Chris Langdon holds up some seaweed
10-17-18
 
By Tiffany Woods
 
CORVALLIS, Ore. – Scientists at Oregon State University hope to scale up the production of nutritious red seaweeds with funding from the National Oceanic and Atmospheric Administration’s Sea Grant program.
 

The three-year project, funded at an anticipated $750,000, aims to use flat, mesh panels – a new technique – to farm red seaweed. The researchers will focus on two seaweeds: Gracilaria pacifica, which produces a food thickener called agar; and a patented strain of Palmaria mollis (Pacific dulse) that tastes like bacon when it’s smoked and deep-fried. They will sandwich plantlets between the mesh, allowing their fronds to poke out. After that, they’ll place the panels in oval-shaped raceway tanks on land and hang other panels from a pier in Newport, Ore. Then they’ll study how well the sea vegetables grow.

They hope that their new farming method would replace labor-intensive hatchery operations with automated inoculation of clonal strains of the seaweed. They also hope that it would allow the seaweed to be grown at biomass densities much higher than with aerated tumbler tanks or rope systems. Currently, on most open-ocean farms, red seaweeds are cultivated by tying plantlets to rope, while aerated tumbler tanks are used in land-based farms. In a raceway, a rotating paddle agitates the water, moving it in an oval circuit.

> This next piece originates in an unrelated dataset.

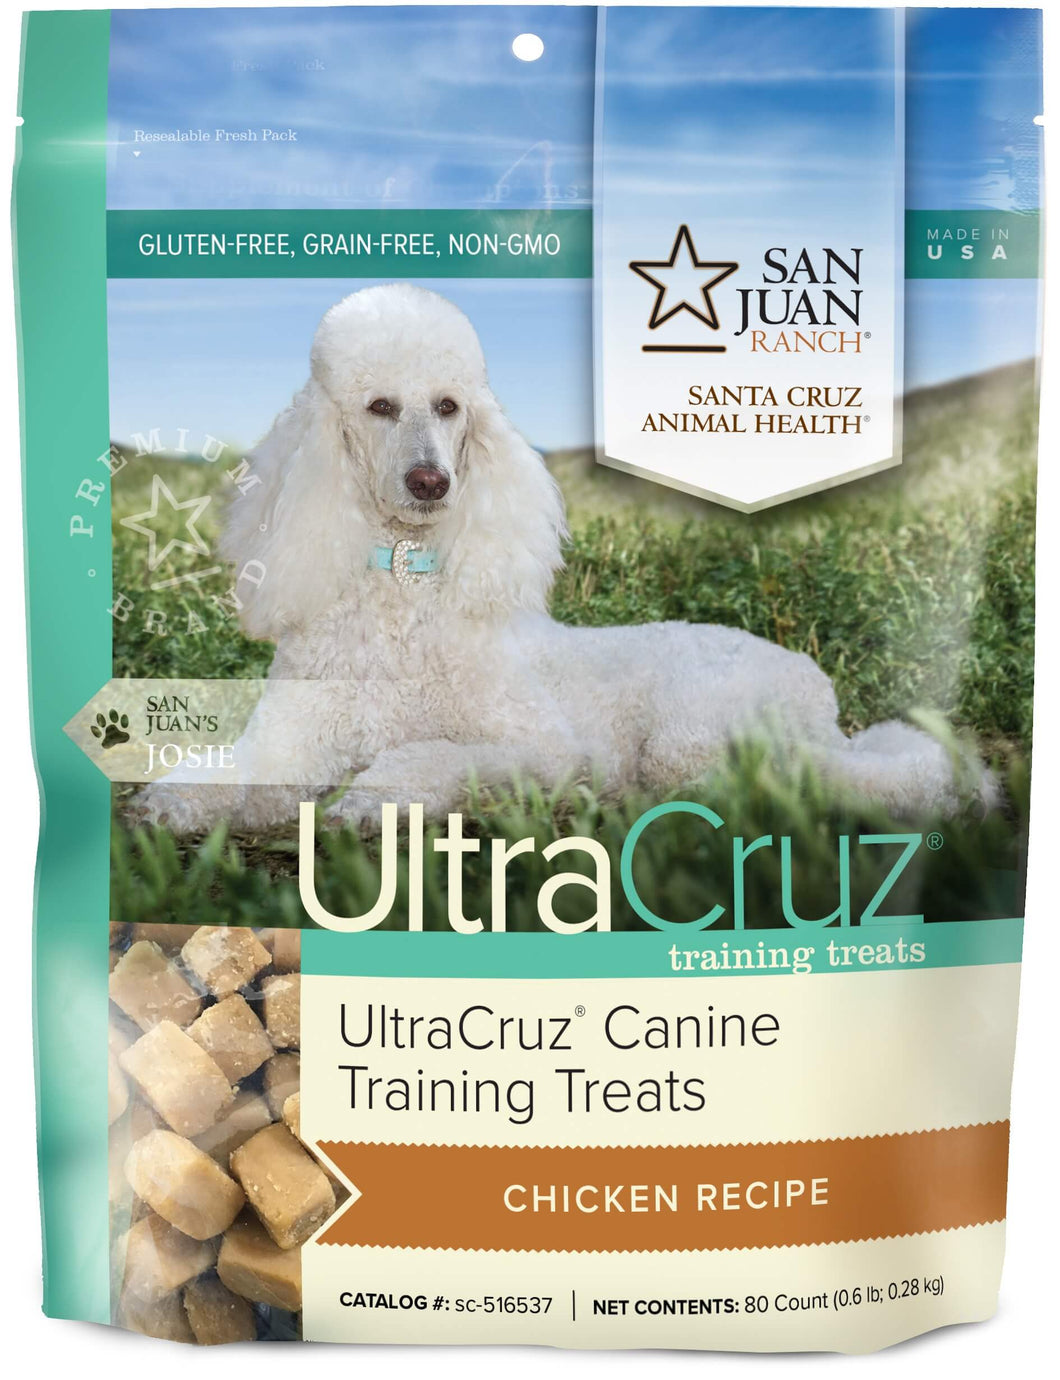 UltraCruz Canine Training Treats

The head researcher on the project is Gregory Rorrer, an expert in algal biotechnology in the School of Chemical, Biological, and Environmental Engineering at OSU. The co-leader is Chris Langdon, an expert in marine aquaculture in OSU’s Fisheries and Wildlife Department. Langdon developed the strain of Palmaria mollis that will be used.

Oregon Sea Grant will administer the funds for the project. Shelby Walker, its director, is the lead on the project, although she won’t be conducting the research. The grant is one of 22 from NOAA totaling $11 million that was announced on Oct. 17 to further develop the nation’s marine aquaculture industry. In 2017, NOAA awarded OSU researchers two aquaculture grants totaling $779,000 to make oysters safer to eat and help hatcheries feed certain marine fish more efficiently. Langdon was the lead researcher on one of those grants.